Chapter 17

CHAPTER SEVENTEEN
THESE CHANGING TIMES

By 1897 the settlers were moving fast into our mountain country. We could see farmers taking up land on all sides and enclosing it with split-rail fences. Then we noticed the sheepmen form the north were gradually shifting southward so their sheep could have better grazing land.

You ask any cowman and he will tell you in a hurry that once a sheep has been on a pasture, it is spoiled forever for a cow. Our men made it sound logical enough, for anybody could see that sheep eat anything---weeds, grass, stubble, and when they leave it, the land is stripped of everything but the dirt. Nature doesn’t restore plant life for years and years.

Our men said most quarrels came between the sheep and the cattlemen because the herders did not respect the cattlemen’s range, even when wire fences were stretched. It is hard to keep sheep from going under a wire fence when there’s greener grass inside the pasture than on the outside.

Of course cattlemen accused the sheepmen of sneaking grass, but the sheep man had a perfect alibi. "My herders did that. I knew nothing about it. " But sometimes the rivals didn’t wait to exchange words; they just shot it out.

Joe and our boys were facing another problem entirely. By 1900 Joe and I found that the JAB and SP Bar cattle were decreasing at an alarming rate, for the very simple reason that the Indians were using Browning beef to eat. The reservation was not fenced, and if stray cattle came into the territory, there was no reason, so thought some Indians, why they shouldn’t kill and eat when they were hungry.

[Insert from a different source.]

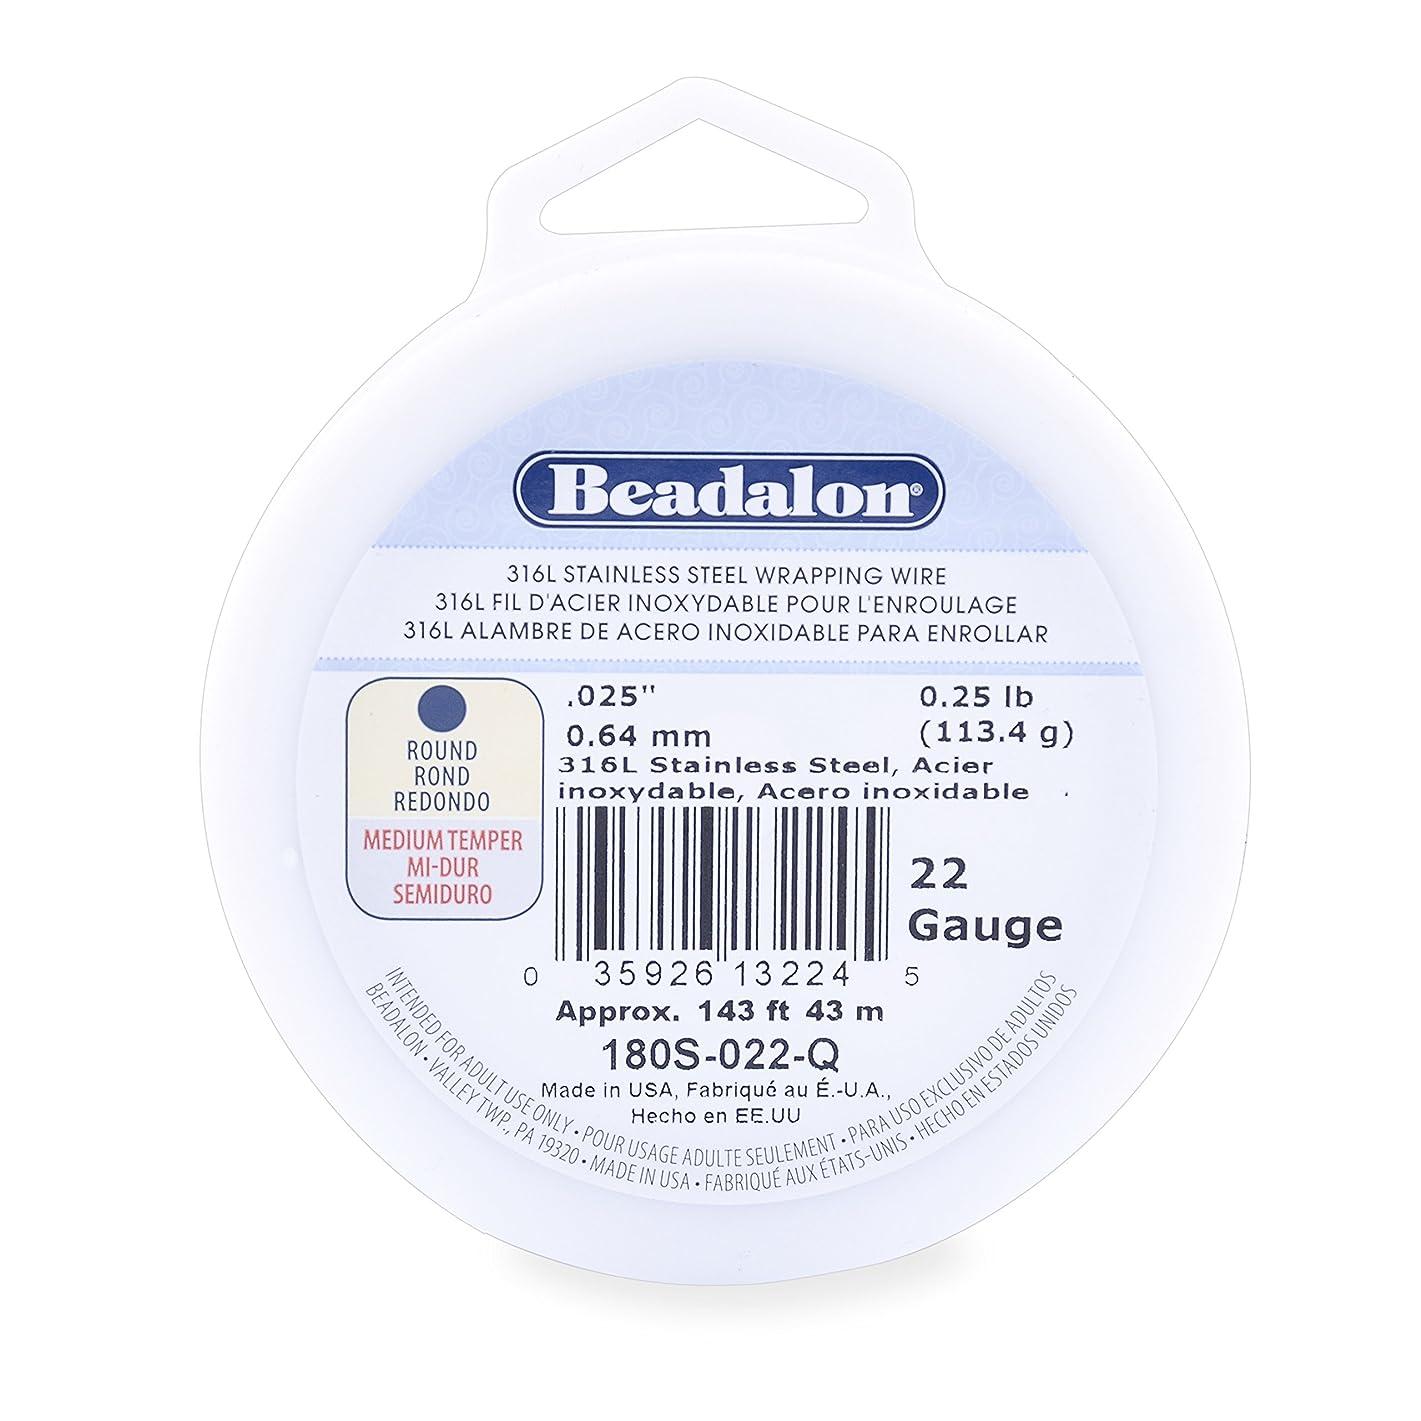 Beadalon 316L Stainless Steel Wrapping Wire, Round, 22 Gauge, Round, 143 feet, 1/4 Pound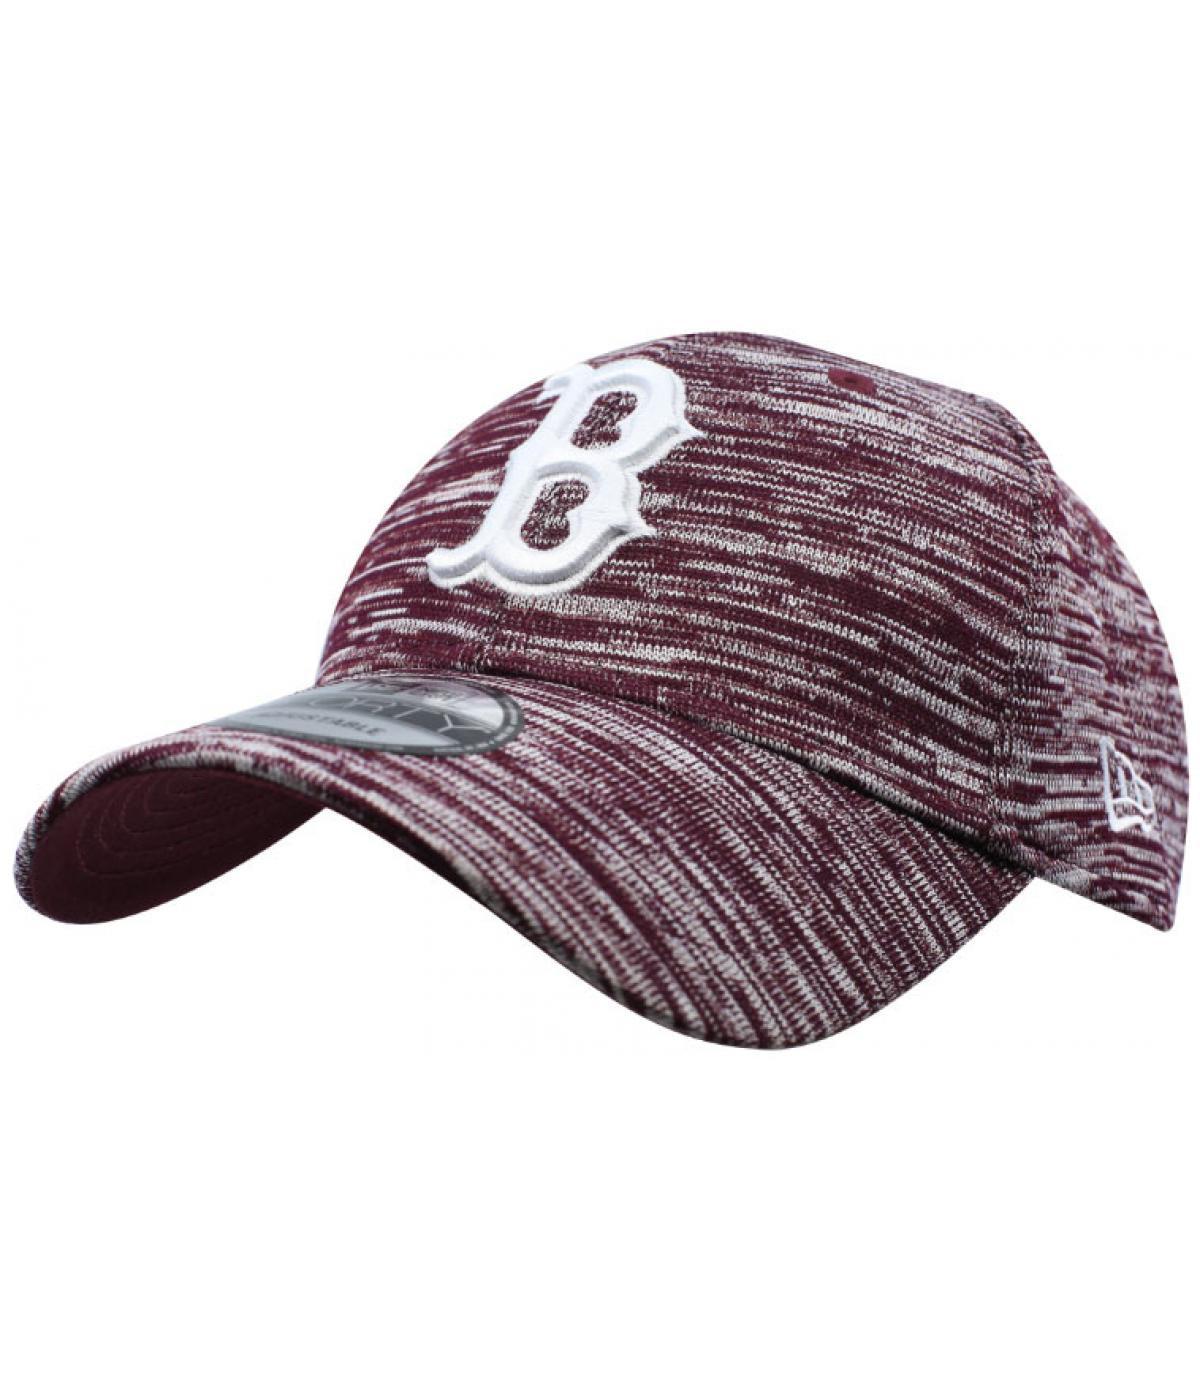 Engineered B bordeaux cap

Joe had never had trouble with Mescalero Indians, but even if he were peacemaker at heart, he couldn’t depend on his men to keep from losing their heads at the wrong moment. Joe was already talking about moving out when the awful tragedy came to the Flying H Cattle Company.

Our Bert happened to be working for the flying H’s at this time. The manager, Roy McLane, had a younger brother Don, who came to visit him. Now Don was only a kid, and he was trying to turn cowboy in a hurry. Roy turned him loose and told Bert to help him along when he needed it.

The flying H’s had leased several sections of land on the reservation, and Bert and Don were ordered there to look after some steers that were to be fattened, butchered and carried to the agency for sale to Uncle Sam, who then would supply the Indians with beef.

Now, as I have said, some Indians had not learned to discriminate between their cattle and the next man’s. One day young Don rode up on a partially deaf, one-eyed Indian just as he was killing a Flying H beef.

Maybe the kid didn’t suspect what was happening, greenhorn that he was, or maybe he didn’t use proper precaution. Nobody knows, but the Indian killed Don, led his horse some distance away and tied him to a bush. The Indian then backtracked himself and didn’t take any of the beef into camp.

Some other Indians were working on a road close to the agency; so the killer took his place by their side and said nothing. Two days later Bert and some other Flying H men found Don’s body. As you might guess, the whole mountain country burst into violent flame.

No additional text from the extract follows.